Все уже разошлись, в храме совсем темно. Горкин считает деньги. Отец уехал на панихиду по Жирнову, наши все в Вознесенском монастыре, и я дожидаюсь Горкина, сижу на стульчике. От воскового огарочка на ящике, где стоят в стопочках медяки, прыгает по своду и по стене огромная тень от Горкина. Я долго слежу за тенью. И в храме тени, неслышно ходят. У Распятия теплится синяя лампада, грустная. «Он воскреснет! И все воскреснут!»  думается во мне, и горячие струйки бегут из души к глазам.  Непременно воскреснут! А это только на время страшно»

Дремлет моя душа, устала

 Крестись, и пойдем  пугает меня Горкин, и голос его отдается из алтаря.  Устал? А завтра опять стояние. Ладно, я тебе грешничка куплю.

Уже совсем темно, но фонари еще не горят,  так, мутновато в небе. Мокрый снежок идет. Мы переходим площадь. С пекарен гуще доносит хлебом,  к теплу пойдет. В лубяные сани валят ковриги с грохотом; только хлебушком и живи теперь. И мне хочется хлебушка. И Горкину тоже хочется, но у него уж такой зарок: на говенье одни сухарики. К лавке Базыкина и смотреть боюсь, только уголочком глаза; там яркий свет, «молнию» зажгли, должно быть.
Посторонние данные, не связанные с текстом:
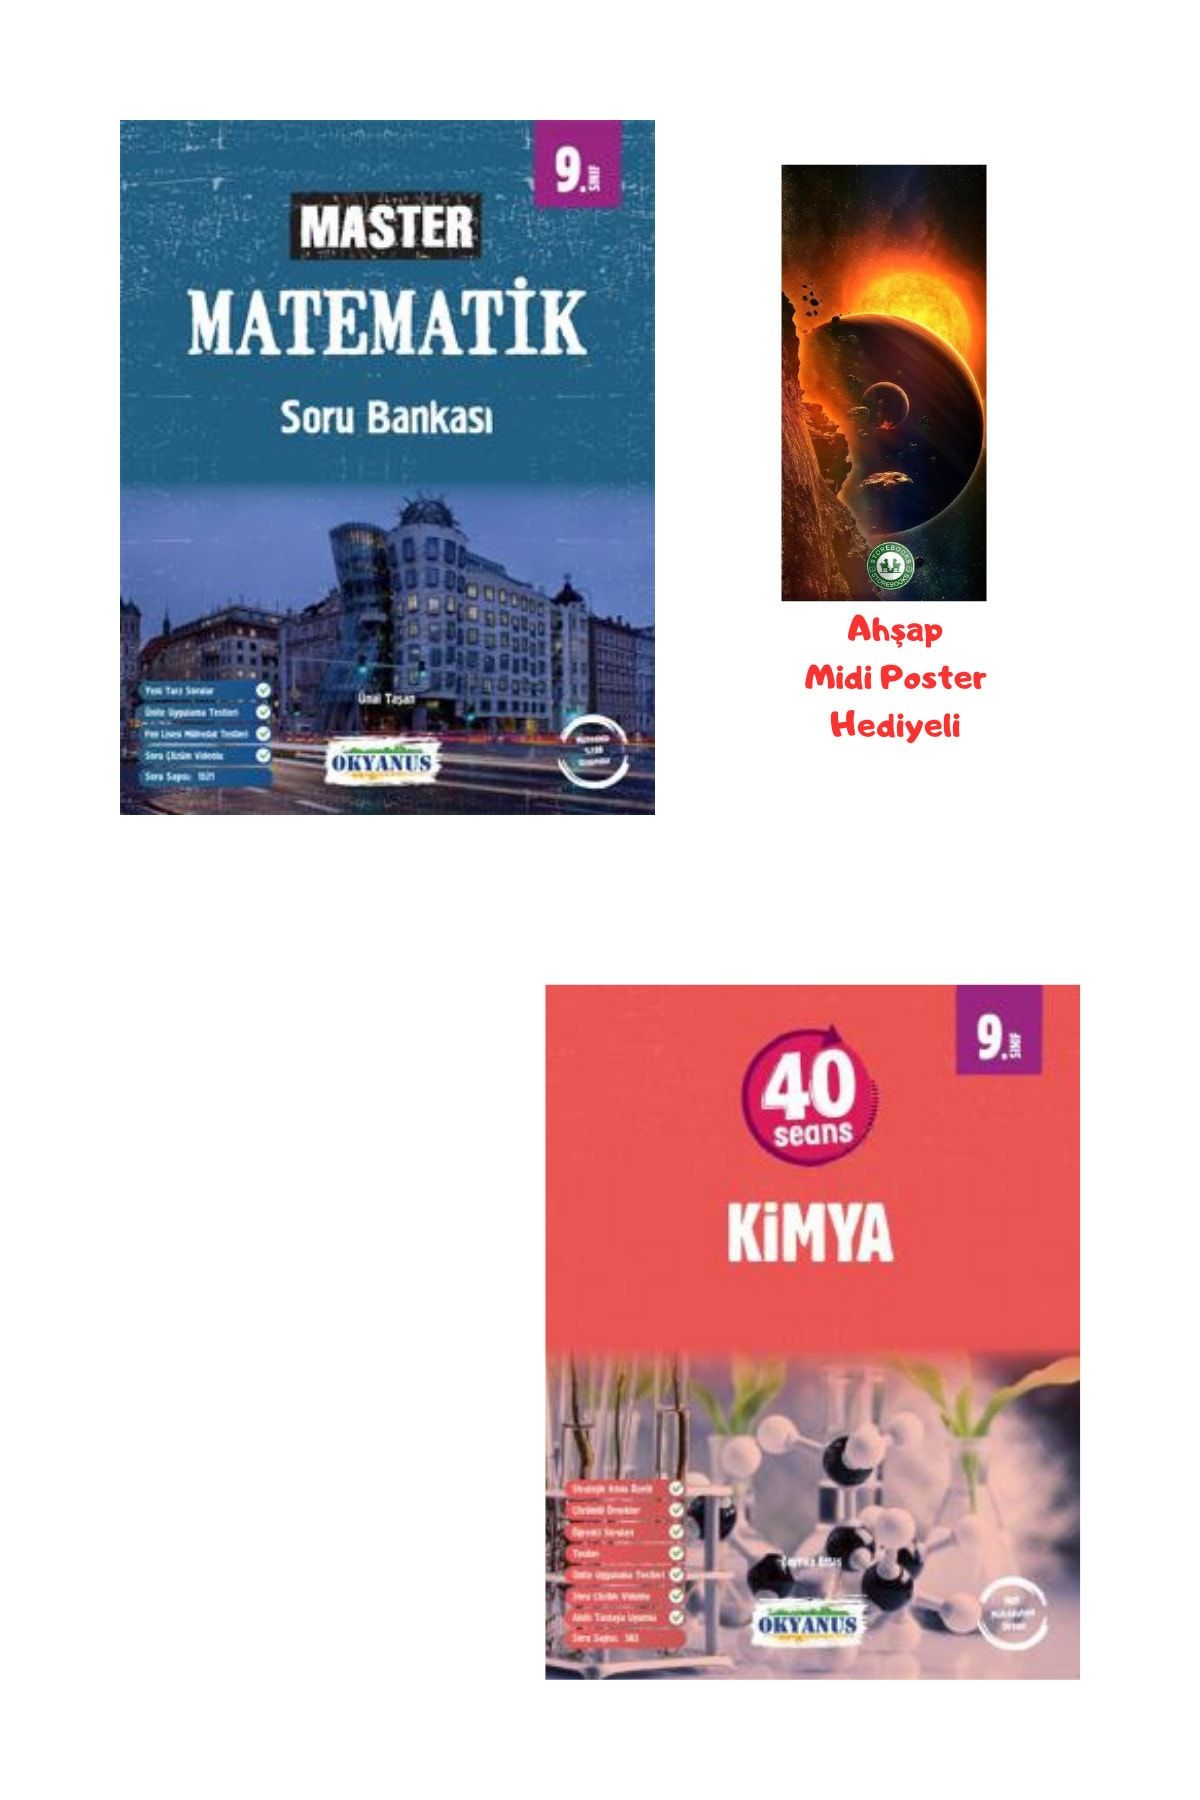 Okyanus Yayınları 9.Sınıf Master Matematik Soru Bankası ve 40 Seansta Kimya Ahşap Poster Hediyeli

Еще кому-то?.. Да нет, не надо

 Глянь-ко, опять мотается!  весело говорит Горкин.  Он самый, у бассейны-то!..

У сизой бассейной башни, на середине площади, стоит давешний парень и мочит под краном голову. Мужик держит его шары.

 Никак все с шарами не развяжется!..  смеются люди.

 Это я-та не развяжусь?!  встряхиваясь, кричит парень и хватает свои шары.  Я-та?.. этого дерьма-та?! На!..

Треснуло,  и метнулась связка, потонула в темневшем небе. Так все и ахнули.

 Вот и развязался! Завтра грыбами заторгую а теперь чай к Митреву пойдем пить шабаш!..

 Вот и очистился ай да парень!  смеется Горкин.  Все грехи на небо полетели.

И я думаю, что парень молодчина. Грызу еще теплый грешник, поджаристый, глотаю с дымком весенний воздух,  первый весенний вечер. Кружатся в небе галки, стукают с крыш сосульки, булькает в водостоках звонче

 Нет, не галки это,  говорит, прислушиваясь, Горкин,  грачи летят. По гомону их знаю самые грачи, грачики. Не ростепель, а весна. Теперь по-шла!..

У Муравлятникова пылают печи. В проволочное окошко видно, как вываливают на белый широкий стол поджаристые баранки из корзины, из печи только. Мальчишки длинными иглами с мочальными хвостами ловко подхватывают их в вязочки.